Journalists are obvious targets for intelligence agencies, Ostrovskiy said, because they are always seeking new sources of information – opening themselves up to phishing attempts – and because many often don’t follow “industry best practices on digital security.”

Some of the first Pegasus infections of journalists were identified in Mexico in 2015 and 2016.

In January 2016, Carmen Aristegui, an investigative journalist in Mexico and the founder of Aristegui Noticias, began to receive messages with suspicious links after she published an investigation into property owned by former Mexican President Enrique Pena Nieto.

Aristegui received more than 20 text messages containing malicious Pegasus links, digital rights group Citizen Lab would later reveal in the 2017 Gobierno Espia (“Government Spying”) report.
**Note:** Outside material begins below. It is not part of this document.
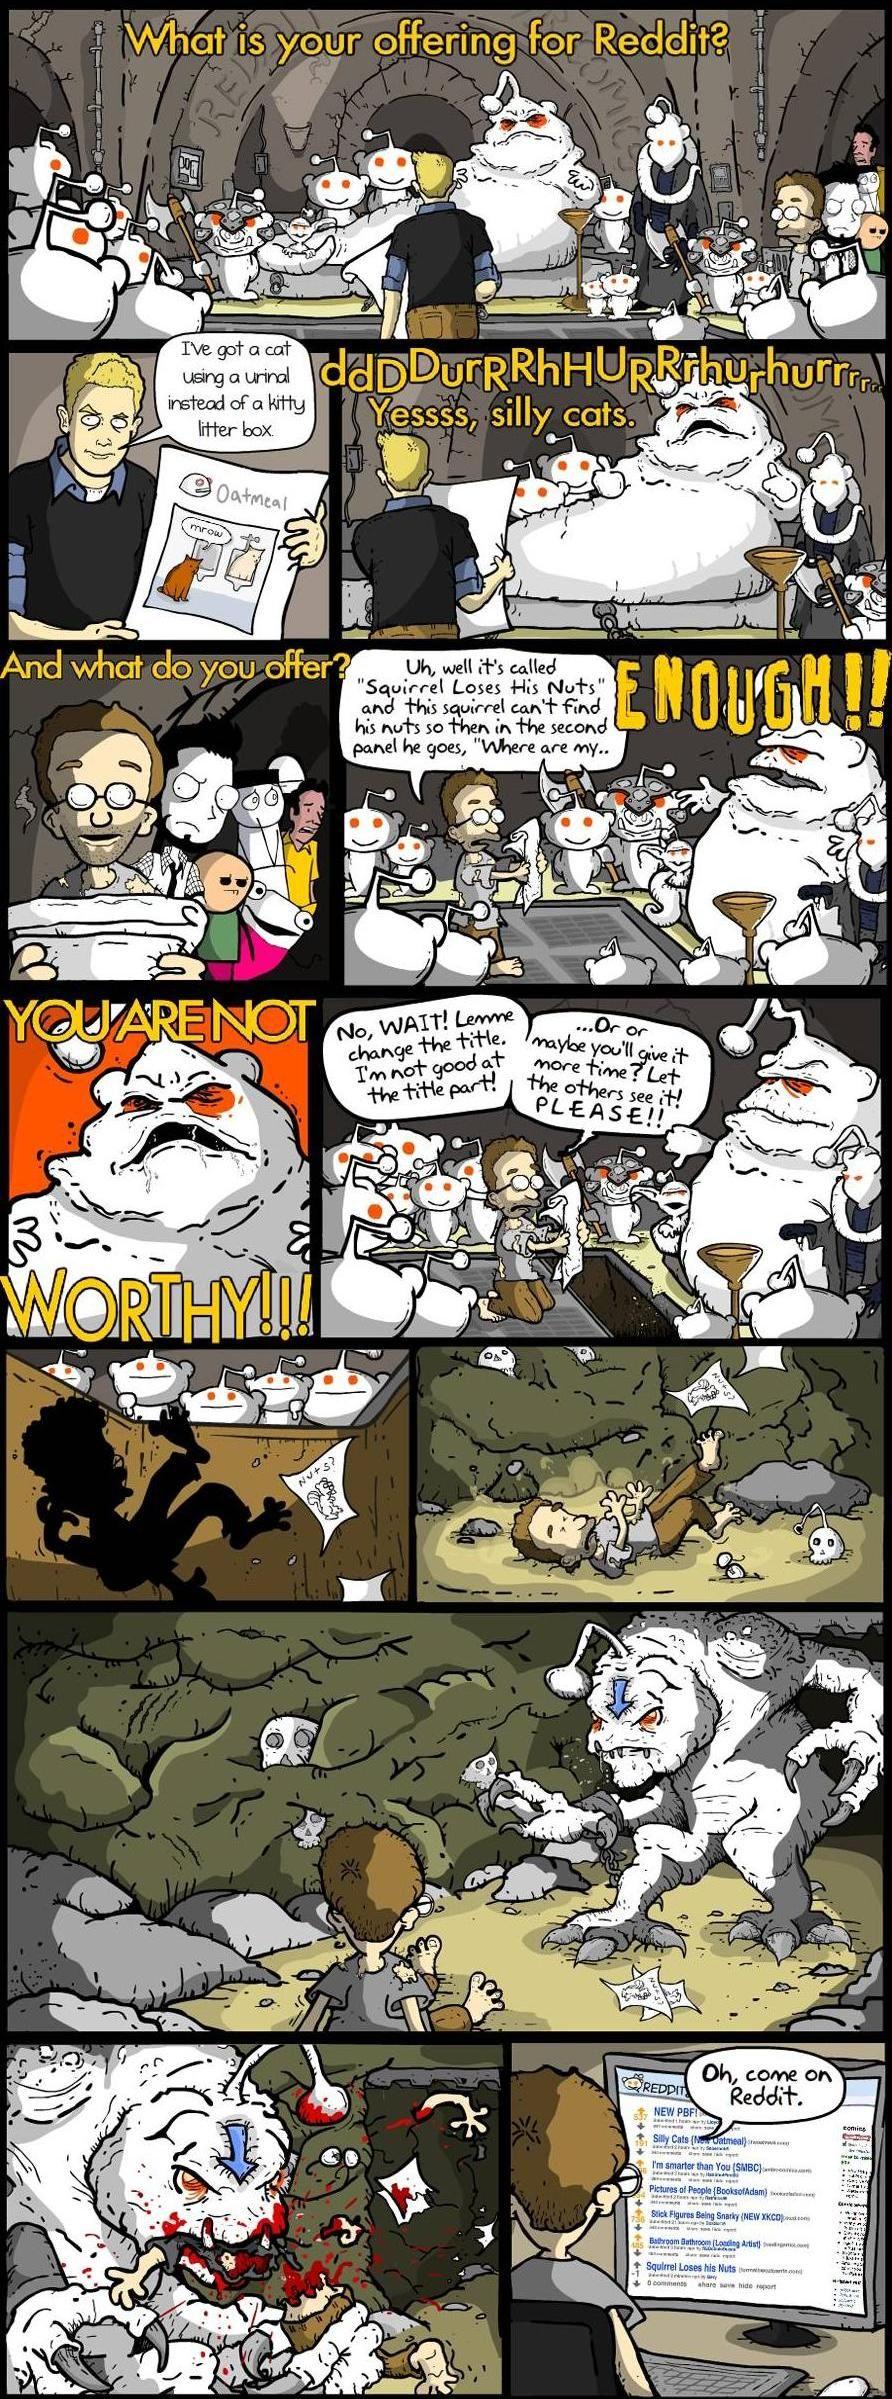 Offering for Reddit | Funny | Funny, Funny images, Comic strips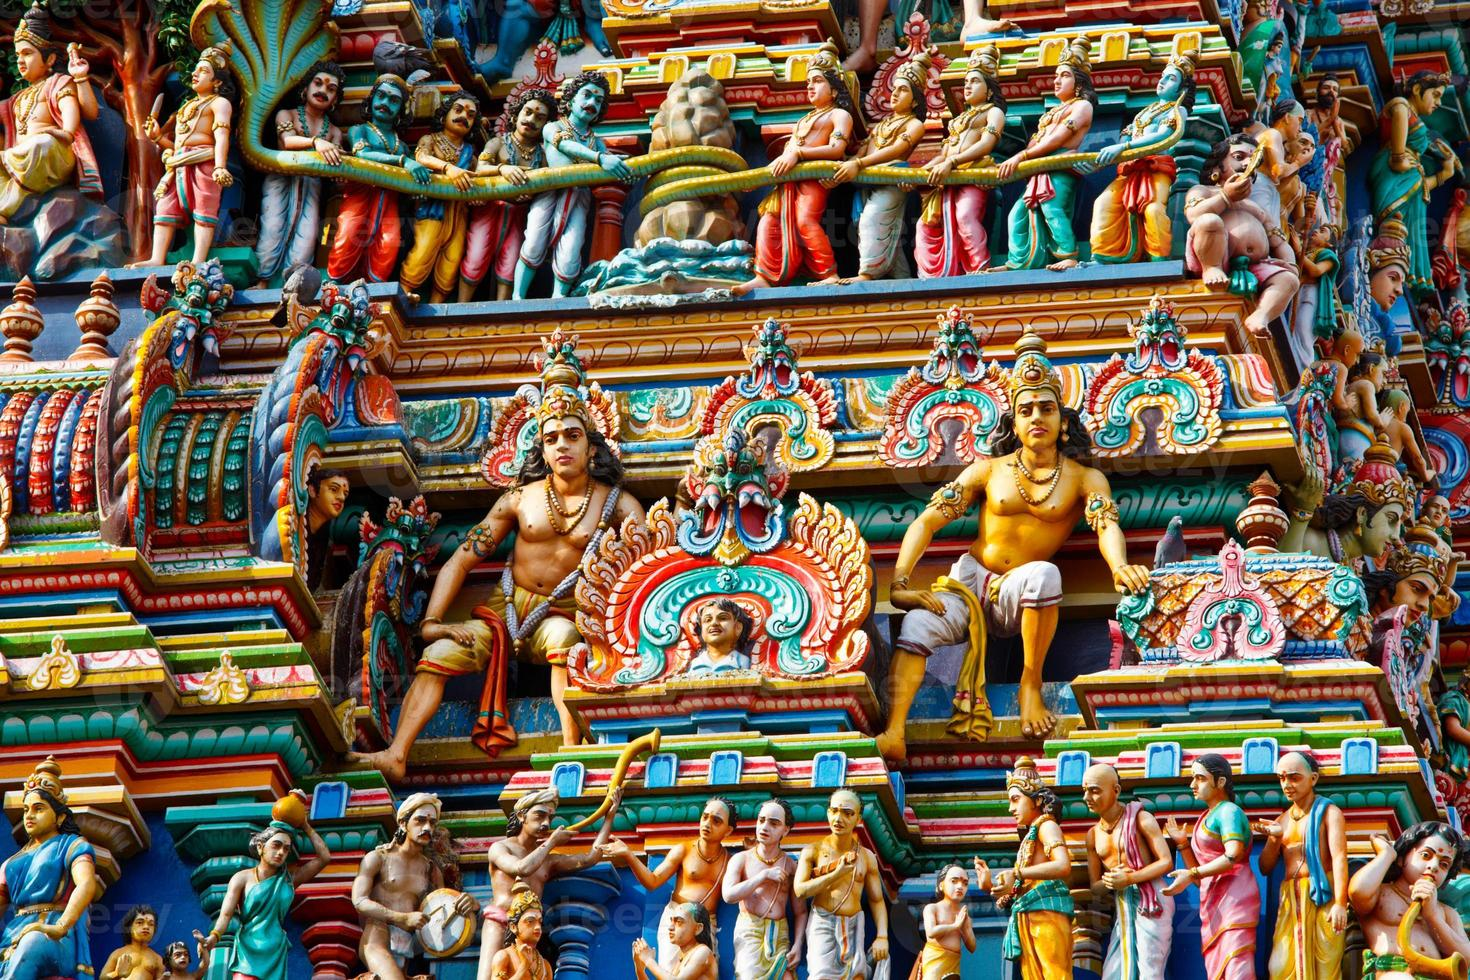 kleurrijke gopuram toren van hindoe-tempel foto

According to the report, the phones of a number of her colleagues and family members were also targeted with text messages containing malicious links during that same time period, including those of colleagues Sebastian Barragan and Rafael Cabrera and her son Emilio Aristegui – just 16-years-old at the time.

Forbidden Stories and its partners were able to identify for the first time three other people close to Aristegui who were selected as targets for surveillance in 2016: her sister Teresa Aristegui, her CNN producer Karina Maciel and her former assistant Sandra Nogales.

“It was a huge shock to see others close to me in the list,” Aristegui, who was part of the Pegasus Project, said. “I have six siblings, but at least one of them, my sister, was entered into the system. My assistant Sandra Nogales, who knew everything about me – who had access to my schedule, all of my contacts, my day-to-day, my hour-to-hour – was also entered into the system.”